Early in 1862 a Texas brigade, under General Sibley, was defeated by the Union forces in New Mexico, and forced to retreat to San Antonio with a loss of five hundred men.
In October of the same year the Confederates, unable to hold Galveston, surrendered that place to Commodore Eagle of the blockading squadron, and withdrew to Virginia Point on the mainland about six miles distant. Many of the citizens of the town also left their homes; and amid a silence almost as profound as that in which Lafitte landed on the island nearly fifty years before, several hundred soldiers stepped ashore from their boats and took possession of the place. The United States flag was hoisted on the Custom-house; the soldiers settled into their quarters on one of the wharves; the imposing vessels of the Federal squadron filled the bay and the harbor. A mournful cry echoed throughout Texas: “Galveston has fallen!”
2. THE BLUE AND THE GRAY.
The holiday look had long since disappeared from Texas. No battles had been fought within her borders, but the blood of her brave sons had dyed the sod of many a battlefield elsewhere. For the deadly conflict was raging. The North and the South, fighting as brother against brother, were pouring out their kindred blood day by day; the smoke of their hostile guns darkened the very heavens. Many heroic deeds were done on both sides—deeds which to-day thrill us with wonder and admiration.
But there were frightful gaps in the ranks of those who had marched away from Texas to the tune of “Dixie” or “The Bonnie Blue Flag.” The gallant lads who had showed off their brave uniforms in the holiday camps were tramping about, barefoot, ragged, and hungry, in Virginia, in Tennessee, in Georgia,—wherever there was an enemy to be attacked or an outpost to be held.
Their mothers and sisters at home were making lint and cartridges, weaving and wearing homespun, making their own shoes and gloves, and cheering the far-away “boys” with letters and with home-made gifts, and praying, praying always.
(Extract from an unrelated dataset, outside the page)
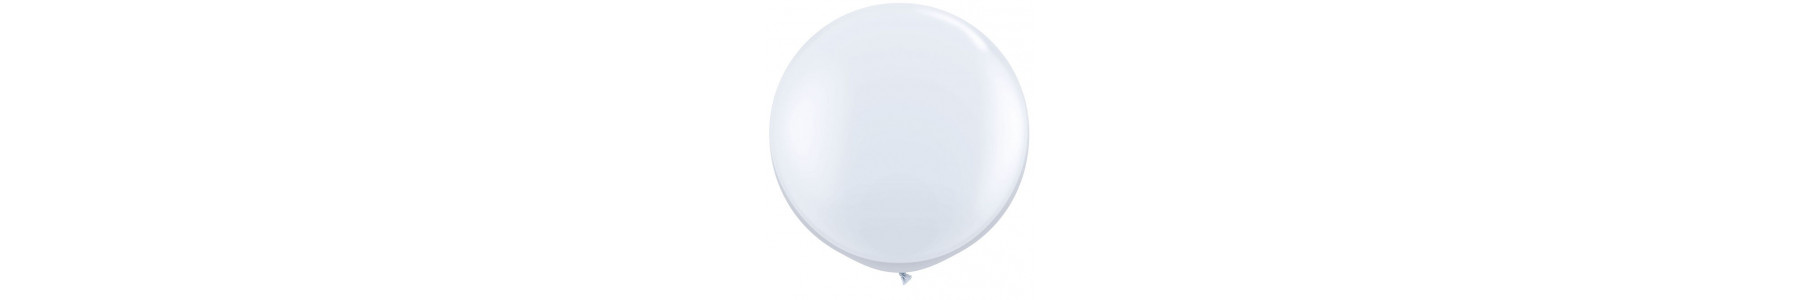 Baloane mini jumbo 40 cm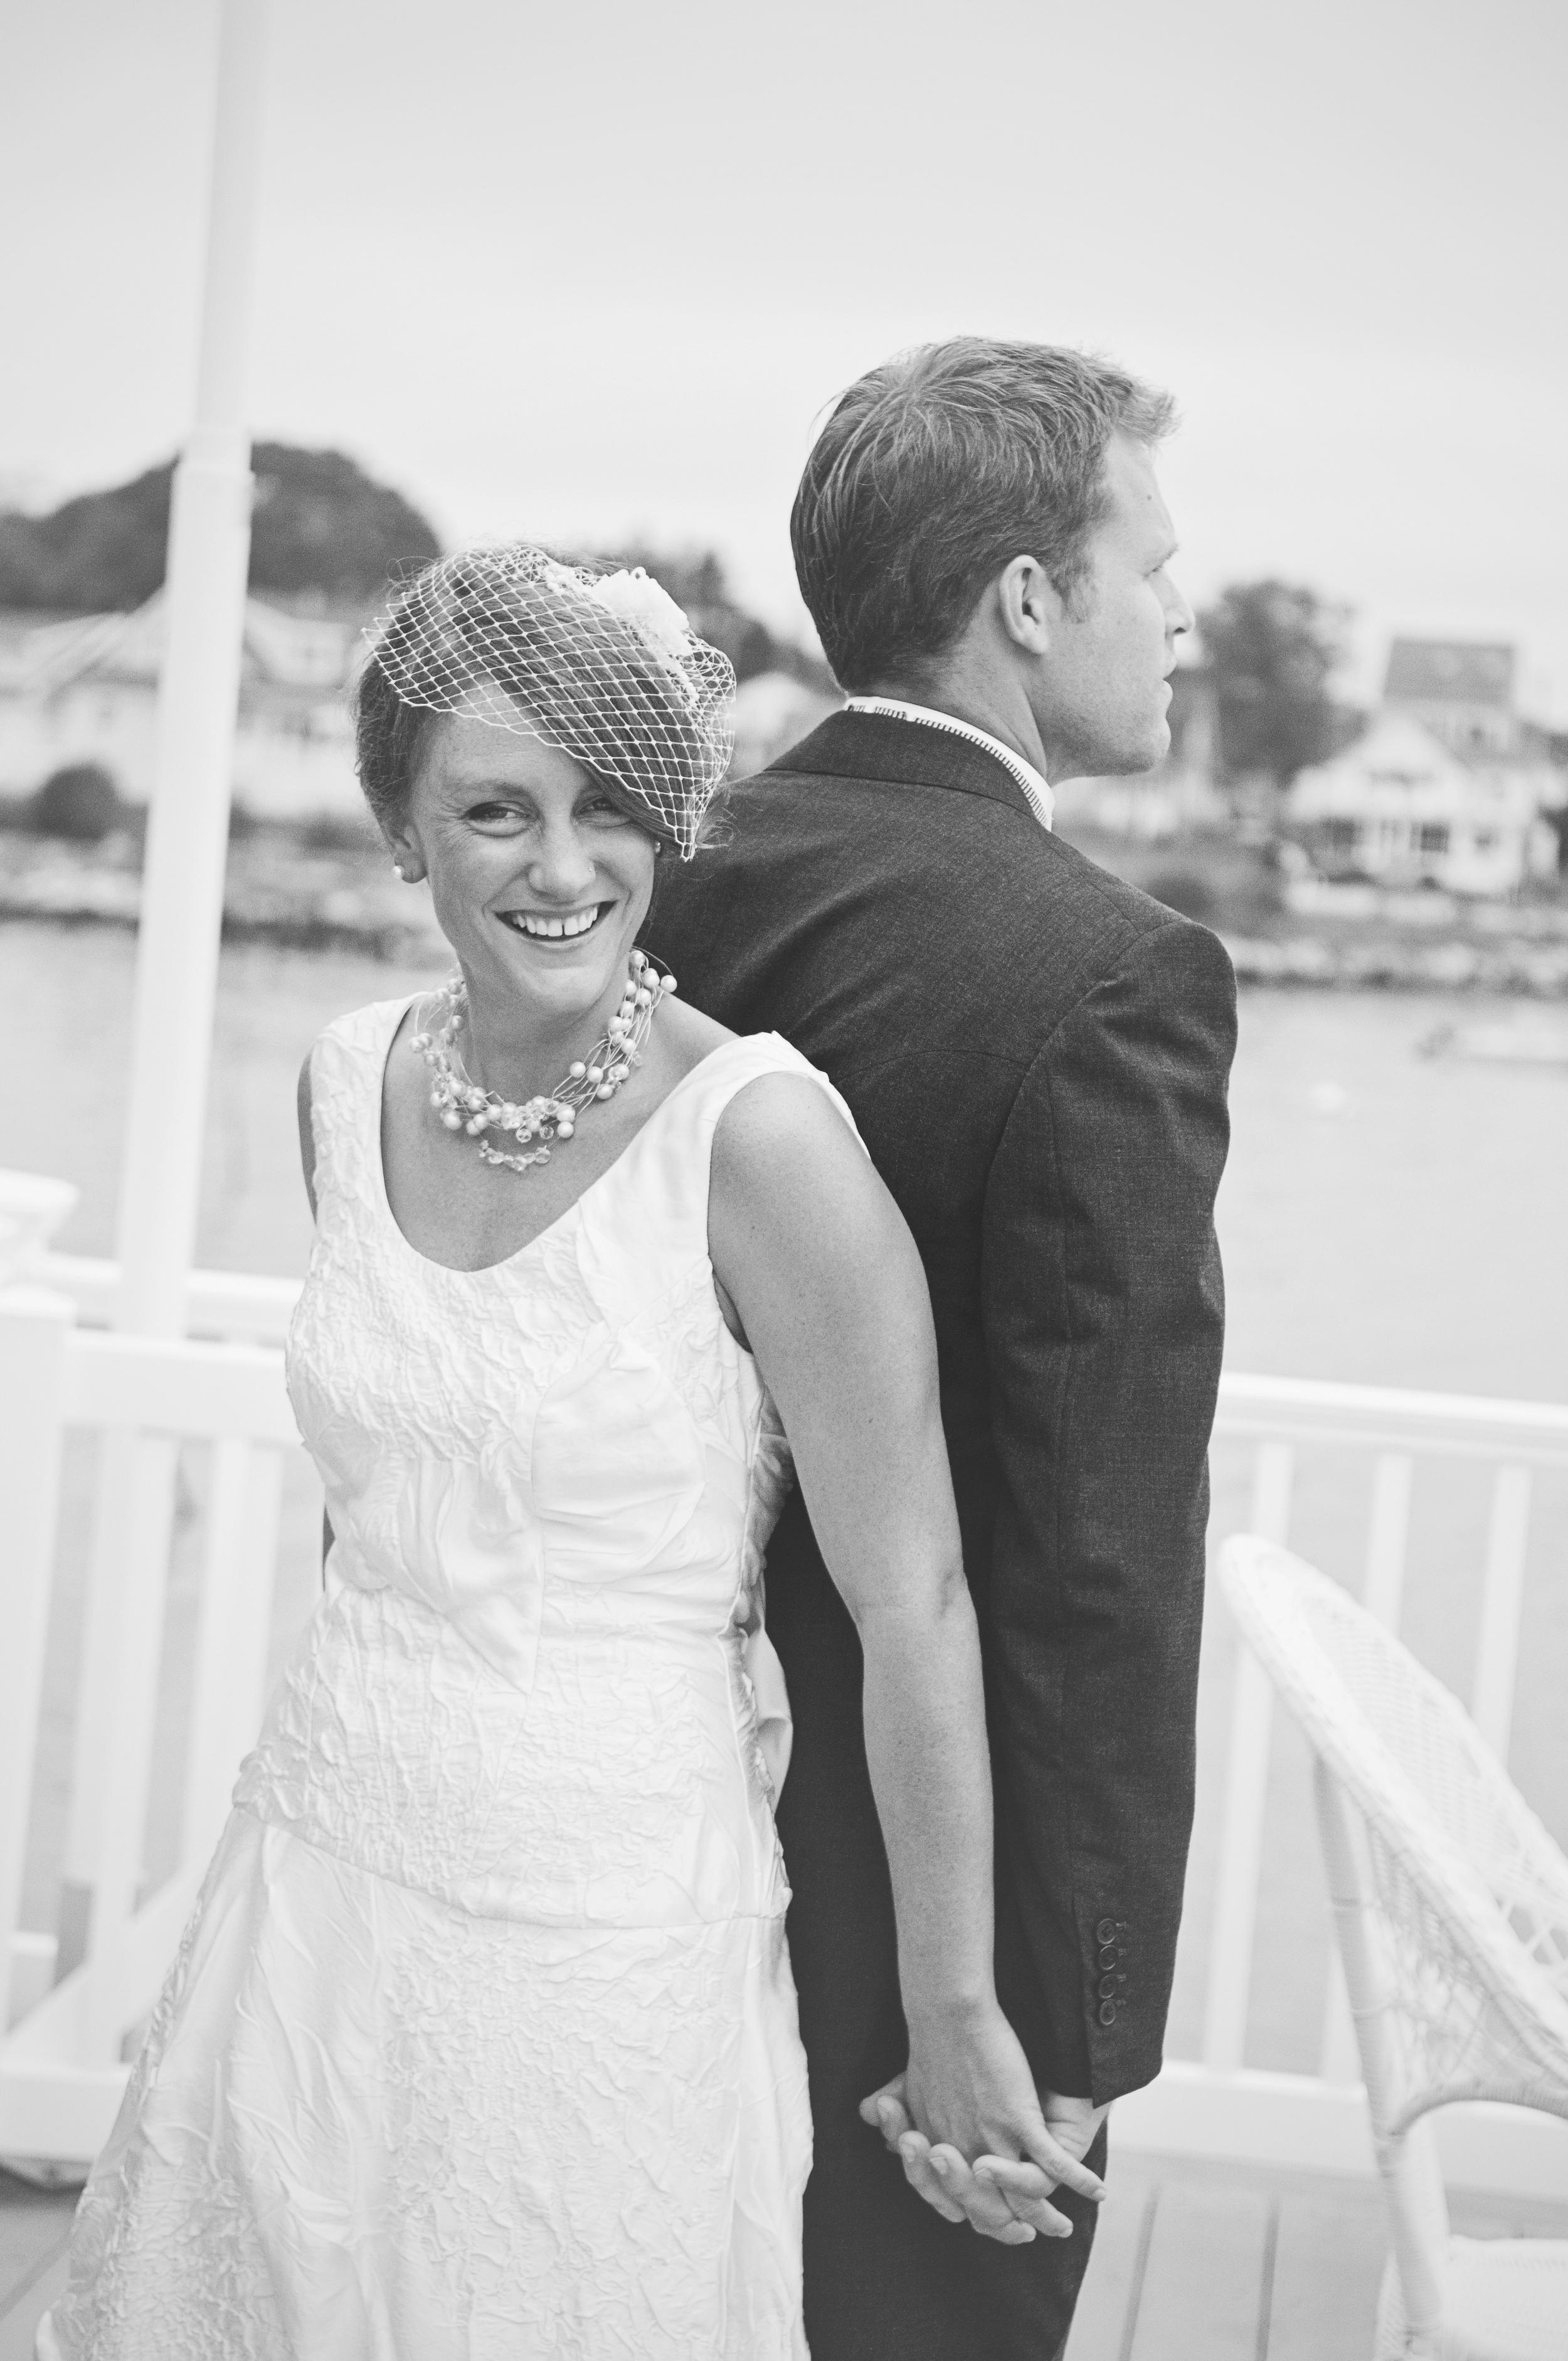 Angela_Chicoski_CT_wedding_photographer_086.jpg

There were few able-bodied men left in the state. The women with the old men and boys, aided by the negroes who remained loyal and trustworthy, made the crops. As the war went on the prices of everything rose. Old bills show that forty dollars a yard (Confederate money) was paid for calico for a little girl’s “best” dress; and seventy-five dollars was paid for a boy’s first pair of boots. A war-time arithmetic has among its examples the following:
“A cavalryman paid 200 dollars for his pistol and 4000 dollars for his horse; how much did both cost him?”
“At 20 dollars a pound, how much coffee can you buy for 40 dollars?”